Mehr als 12 Züge pro Stunde und Gleis geht nicht
Fangen wir sofort mit der Streckenbelastung an. Diese Größe ist im Zusammenhang mit Stuttgart 21 besonders interessant. Im Post vom 14.06.2015 in diesem Blog haben wir ja die Zufahrt Zuffenhausen von Stuttgart 21 eingehend betrachtet. Diese Zufahrt ist im heutigen Zustand des Bahnknotens Stuttgart mit dem Kopfbahnhof nur zweigleisig für den Fern- und Regionalverkehr und sie wird auch bei Stuttgart 21 nur zweigleisig bleiben. Im genannten Post wurde nachgewiesen, dass über die Zufahrt Zuffenhausen ca. 40 Prozent der Verkehrsnachfrage zum Bahnknoten Stuttgart kommt. Somit müssen auch 40 Prozent der Züge bei Stuttgart 21 über die Zufahrt Zuffenhausen kommen. Die zweigleisige Zufahrt Zuffenhausen ist jedoch mit den 13 Zügen pro Gleis und Richtung, die sie heute in der Spitzenstunde aufweist, bereits an der Belastungsgrenze angelangt. Wenn 13 Züge 40 Prozent der gesamten Züge am Bahnknoten Stuttgart ausmachen, dann sind 100 Prozent 32 Züge. Die Leistungsfähigkeit von Stuttgart 21 liegt somit bei 32 Zügen/Stunde.

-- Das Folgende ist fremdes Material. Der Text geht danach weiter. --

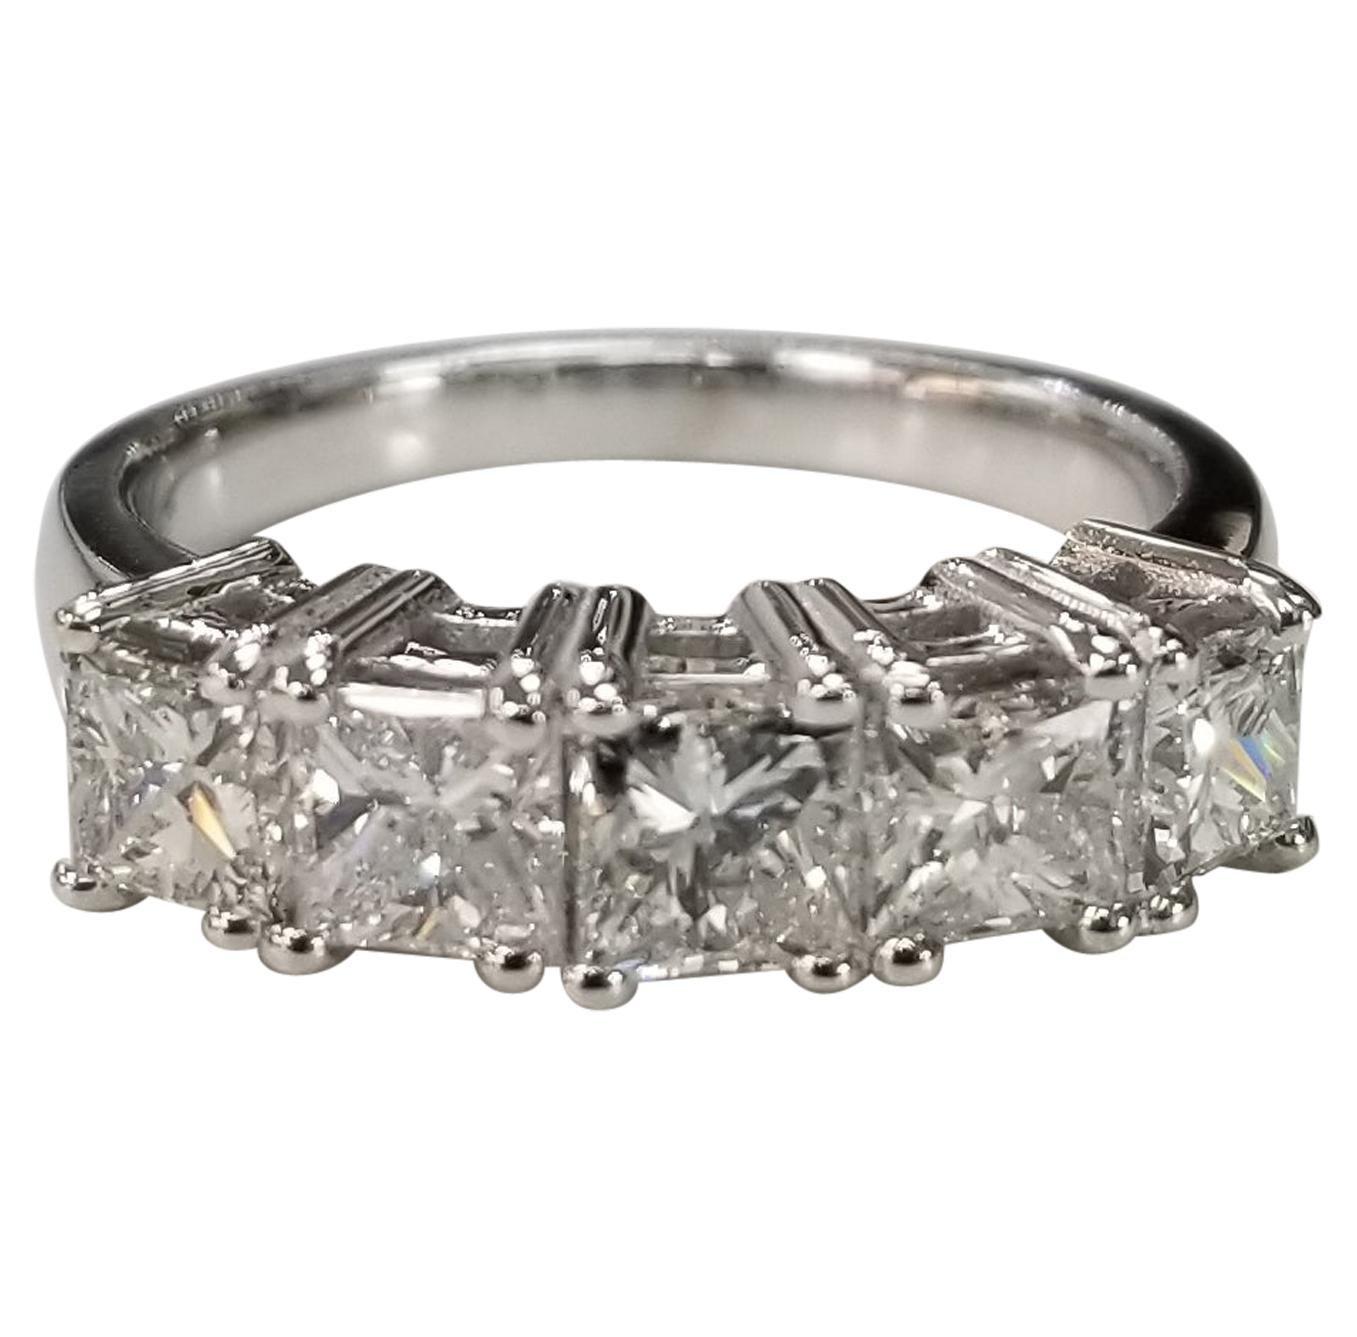 14 Karat White Gold 5 Princess Cut Diamonds Anniversary Wedding Ring

Die Obergrenze von 13 Zügen pro Gleis und Richtung für eine Zufahrt zu einem Bahnknoten im Mischbetrieb zwischen Fern- und Regionalzügen muss als gefestigt betrachtet werden. Im Post vom 14.06.2015 in diesem Blog haben wir hierzu die Zufahrt Hohenzollernbrücke zum Kölner Hauptbahnhof herangezogen, die als überlastet gilt. Diese viergleisige Zufahrt wird in der Spitzenstunde von 10 Zügen pro Gleis und Richtung befahren. Wir haben zudem die Vermutung ausgesprochen, dass es in Deutschland kein Gleis als Zufahrt zu einem großen Bahnknoten gibt, über das mehr als 13 Züge pro Stunde und Richtung abgewickelt werden.

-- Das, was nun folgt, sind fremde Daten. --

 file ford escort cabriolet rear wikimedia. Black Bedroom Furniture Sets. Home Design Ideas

Soweit also der bisherige Stand. Jetzt kommt die Zürcher Durchmesserlinie hinzu. Man kann annehmen, dass das ab dem Dezember 2015 geltende Betriebsprogramm bereits die maximale Leistungsfähigkeit der Züricher Durchmesserlinie darstellt. Denn die Zürcher Durchmesserlinie bringt für viele Fernverkehrsrelationen der Schweiz eine Fahrzeitverkürzung von 7 Minuten. Da ist doch anzunehmen, dass außer den drei S-Bahnlinien, die bereits heute über die Durchmesserlinie geführt werden, auch so viele Fernzüge wie möglich zukünftig diesen neuen Verkehrsweg nutzen werden.

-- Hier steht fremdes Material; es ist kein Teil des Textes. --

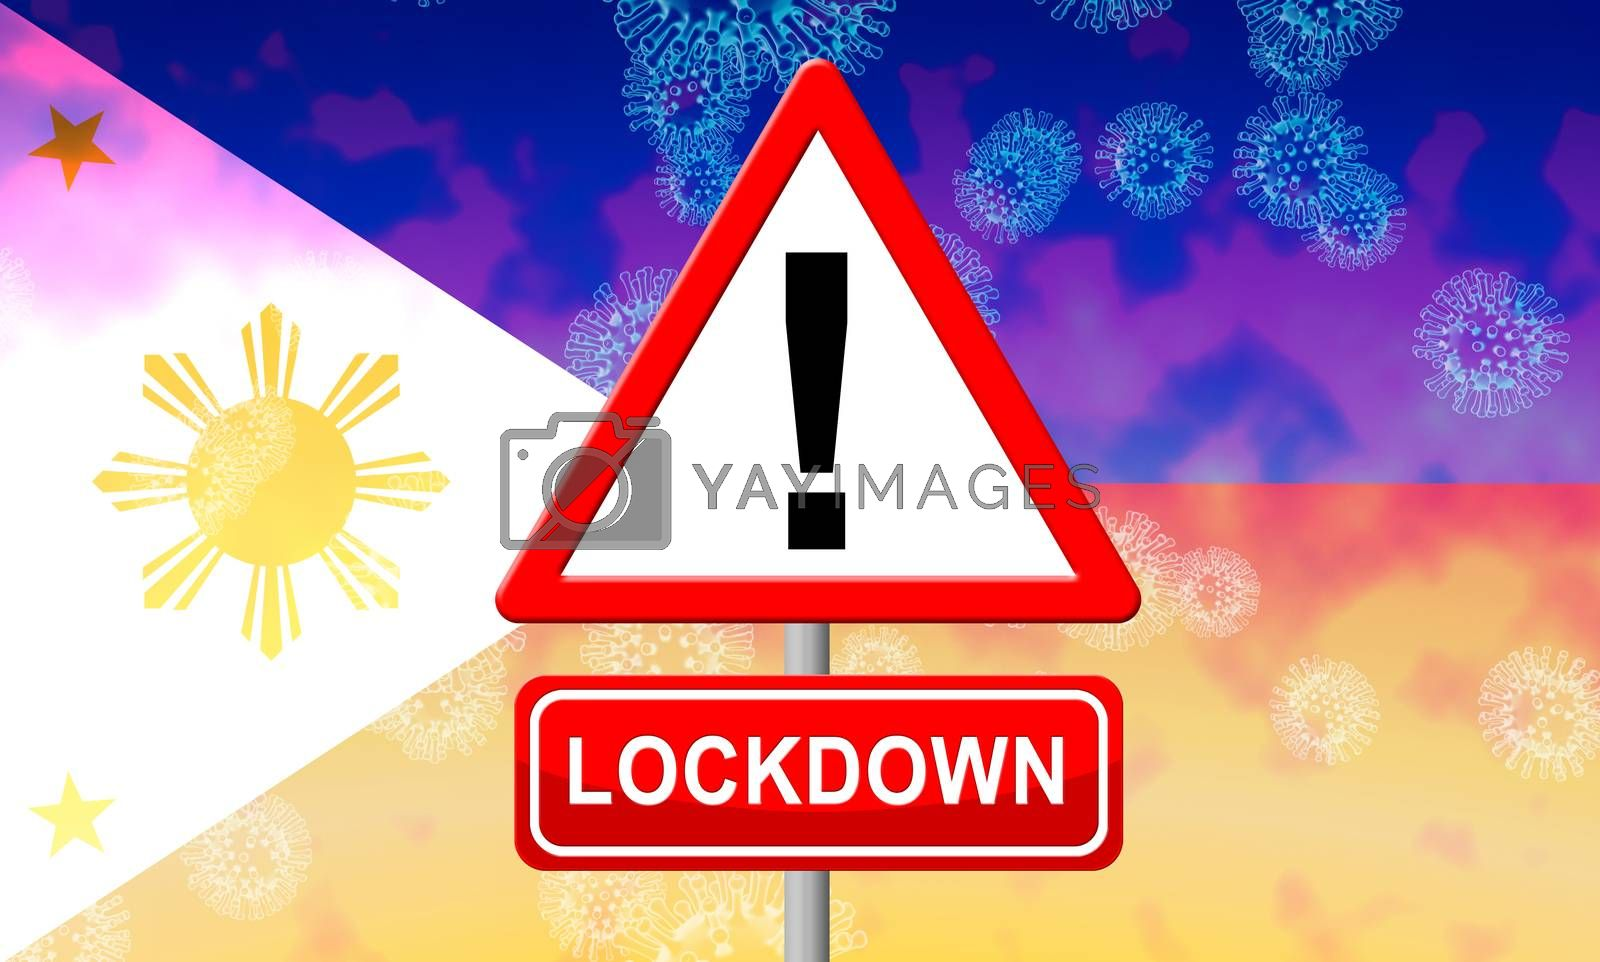 Philippines lockdown or shutdown to stop coronavirus epidemic outbreak. Covid 19 Pilipinas aim to lock down disease infection - 3d Illustration

Das sind nun die Belastungszahlen der Zürcher Durchmesserlinie in der Spitzenstunde ab Dezember 2015:
Richtung West-Ost: 12 Züge pro Stunde
Richtung Ost-West: 12 Züge pro Stunde

Damit haben wir bei der Züricher Durchmesserlinie eine maximale Belastung von 12 Zügen pro Zulaufgleis und Stunde. Auch die Zürcher Durchmesserlinie geht also nicht über die 13 Züge pro Gleis und Stunde hinaus, die in der Zufahrt Zuffenhausen zum Bahnknoten Stuttgart heute bereits in der Spitzenstunde erreicht werden. Und das, obwohl die Schweizer Eisenbahner die Züge eigentlich eher noch dichter auf die Strecken packen als dies in Deutschland der Fall ist.  

Sehen wir uns die Züge der Zürcher Durchmesserlinie für den Zeitraum von 16 Uhr bis 17 Uhr werktags einmal genau an. Angegeben ist jeweils die Abfahrtszeit im Hauptbahnhof Zürich.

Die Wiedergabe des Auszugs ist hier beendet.